No, Jesus is not saying that we are wrong to enjoy any earthly blessings God sends our way.  He isn’t hinting that finding joy in anything of this world is intrinsically un-Christian.  He is not declaring that we must wipe any smile off our faces and act as if we are at a wake even when God uses the strengths he’s graciously given us to be a blessing to his people.  He is not seeking to hinder us from finding joy where God has used us  “to keep the unity of the Spirit through the bond of peace” (Ephesians 4:3). 

But he is saying this.  Those can be good days when God grants just such things, but they are not our most blessed days!  Our best blessings are not even remotely dependent on any of those outcomes!  Our best blessings, as we live under his saving grace, go on when all of those “good day” elements are missing.  In fact, on the very days we are ready to label as our “worst,” our Lord Jesus asks us to pause and see things as they really are.  Paul said it so eloquently in the alternate second lesson for this Sunday.  “For Christ’s sake, I delight in weaknesses, in insults, in hardships, in persecutions, in difficulties.  For when I am weak, then I am strong” (2 Corinthians 12:10).

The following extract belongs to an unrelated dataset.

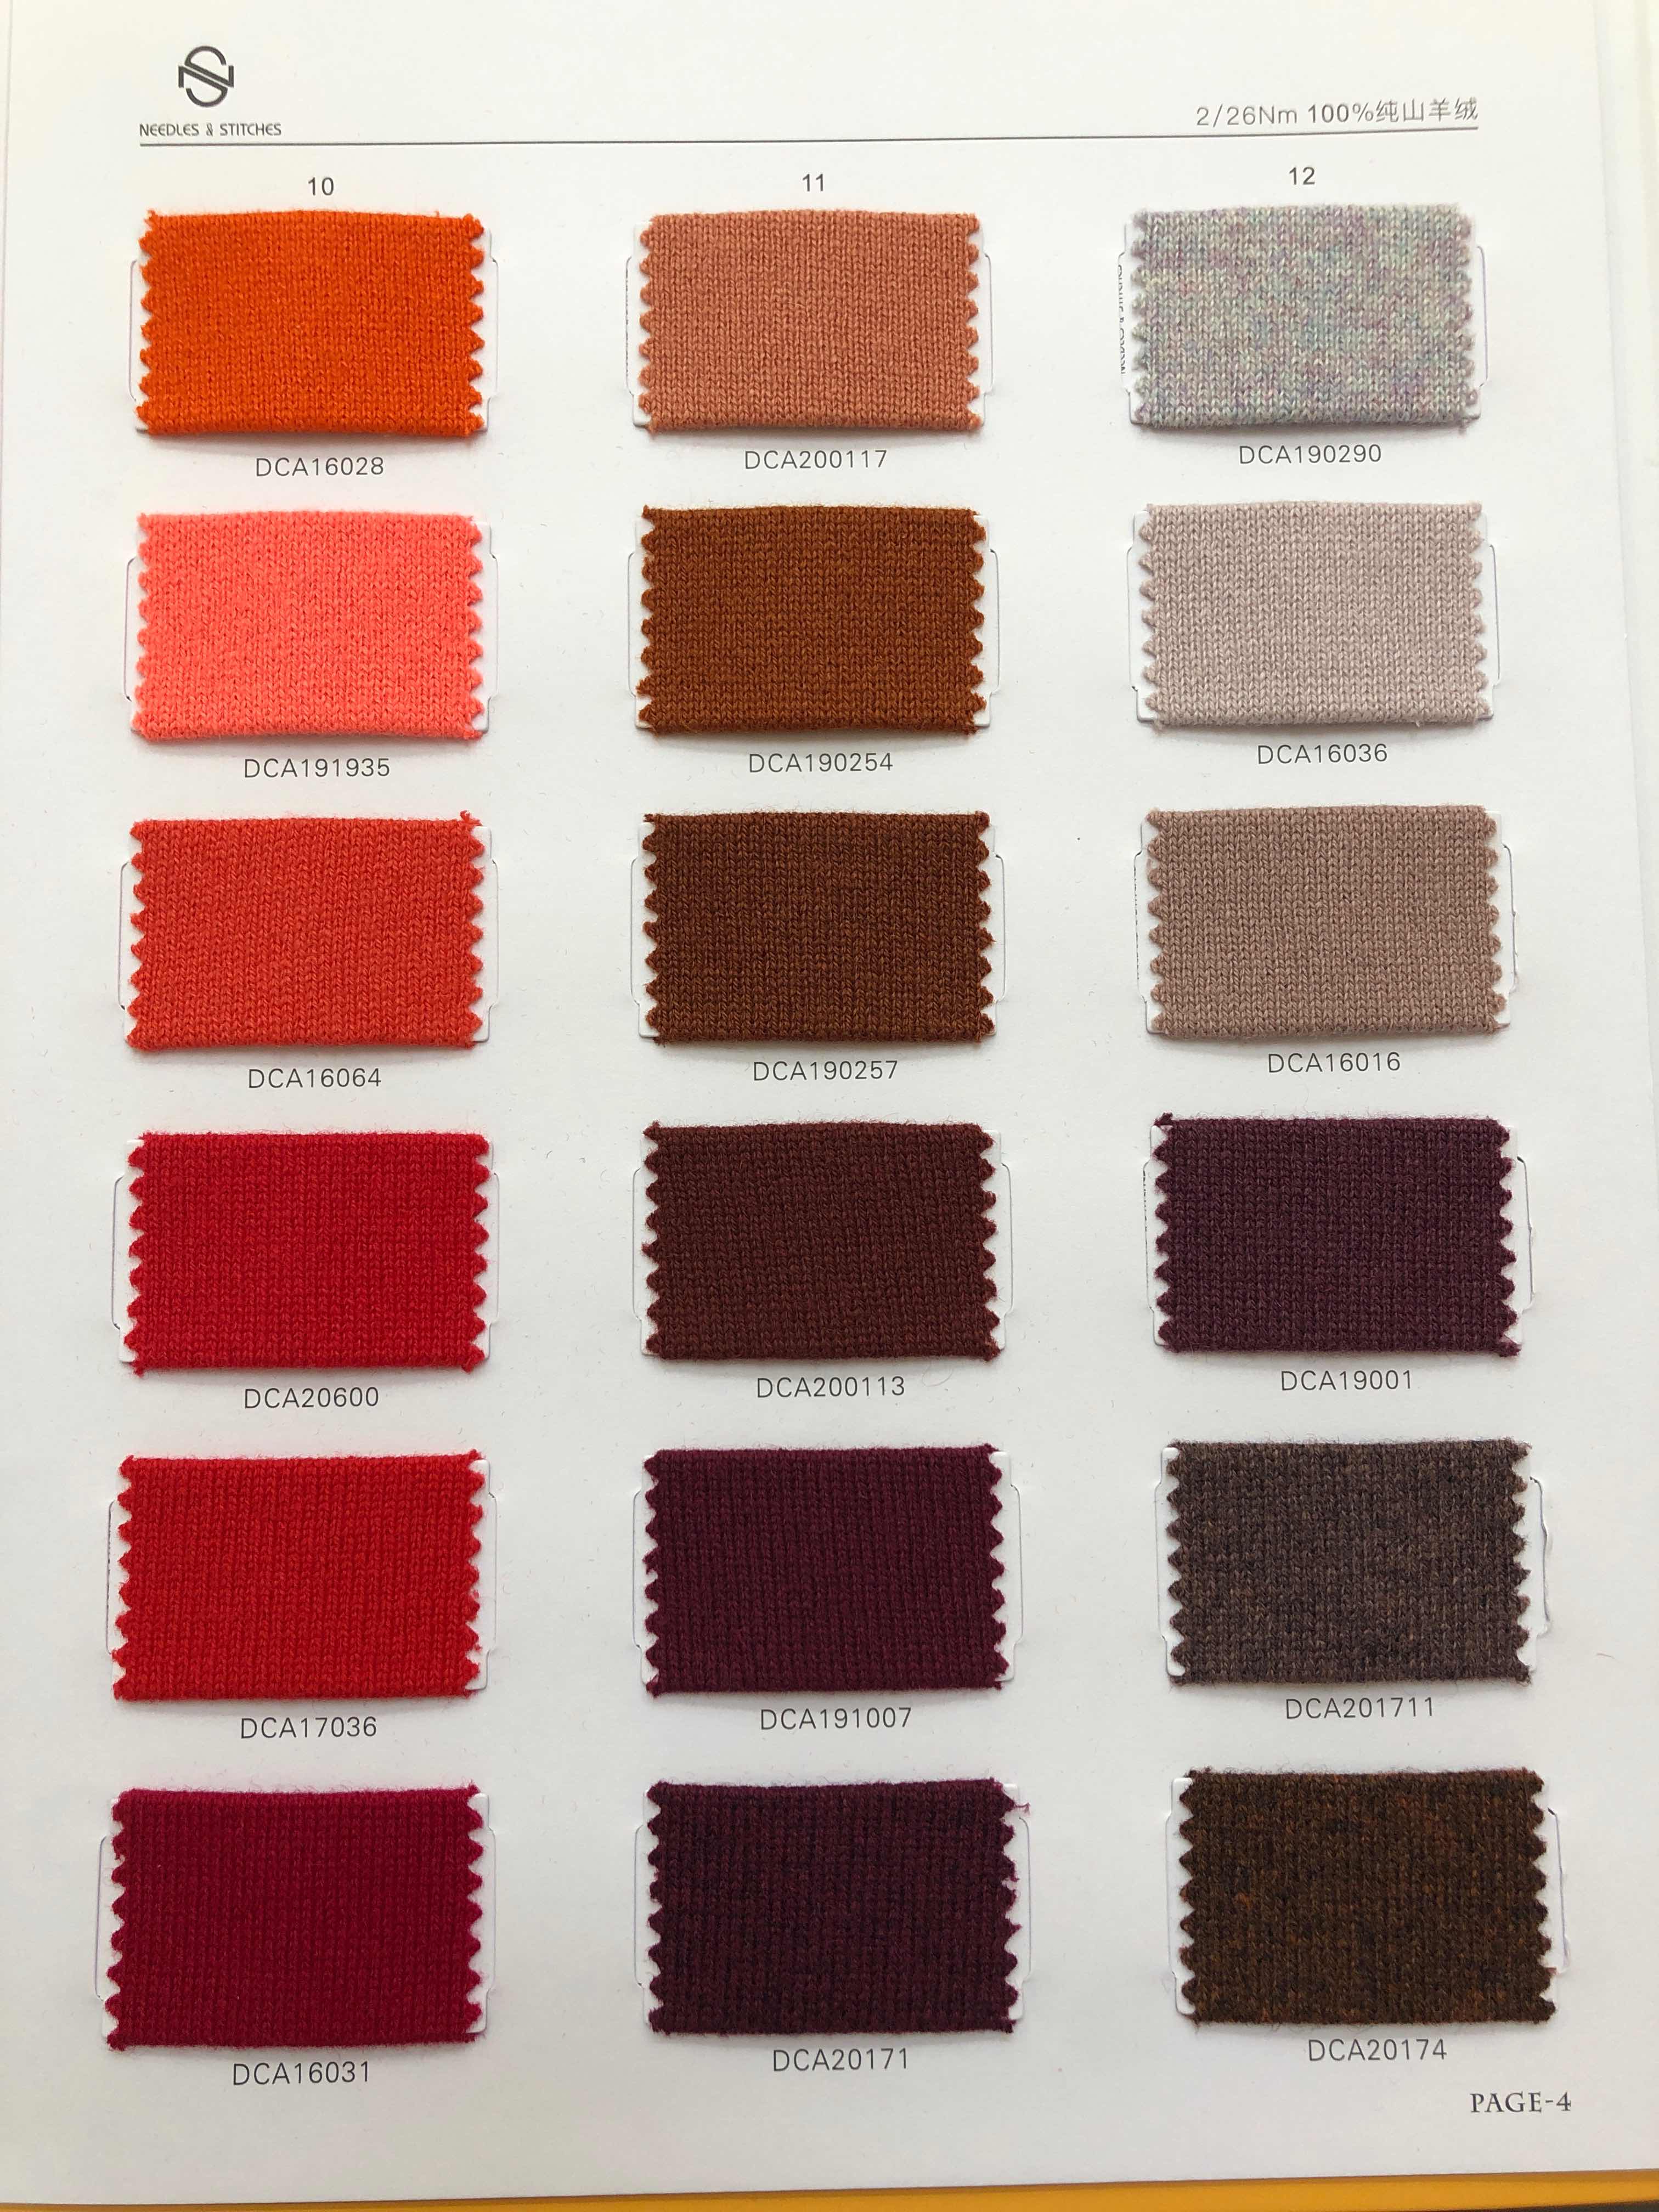 2/26 100%CASHMERE COLOR CARDS more than 180 colors page 4~7
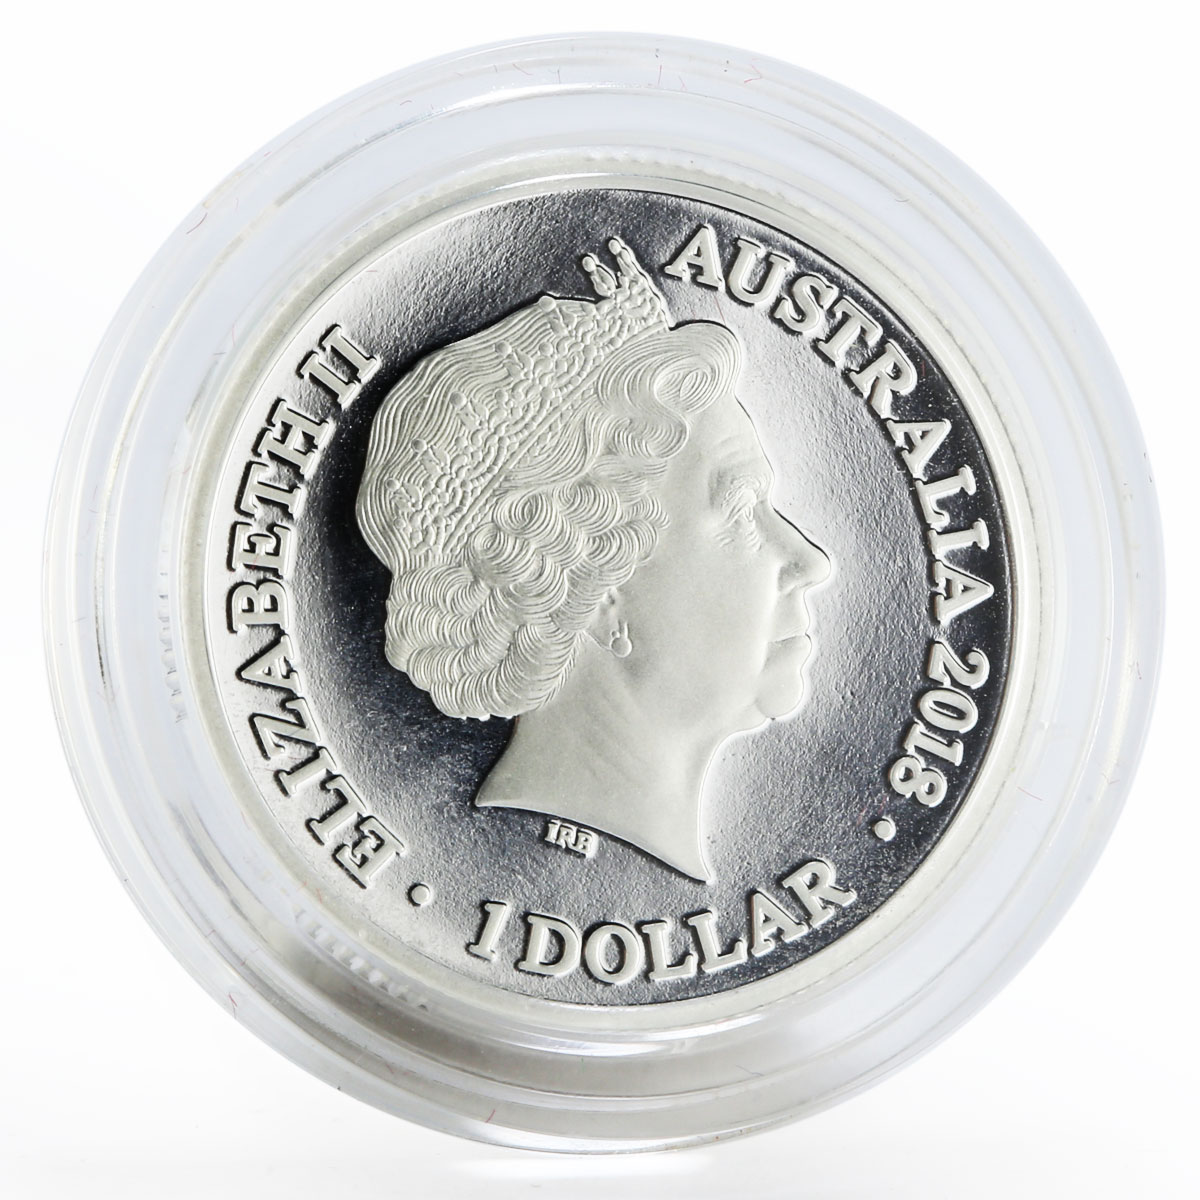 Australia 1 dollar Lunar Series Year of the Dog proof silver coin 2018

So, teach me, dear Jesus, to thank you for days  – beggarly, hungry, weeping, and rejected! – that send me running to you!  That’s when you are hardest at work in your love to teach me that my greatest blessings don’t come from within me nor are they dependent on my earthly circumstances.   Though my reason will never fully understand, those days that send me running to you, Jesus, are my best days!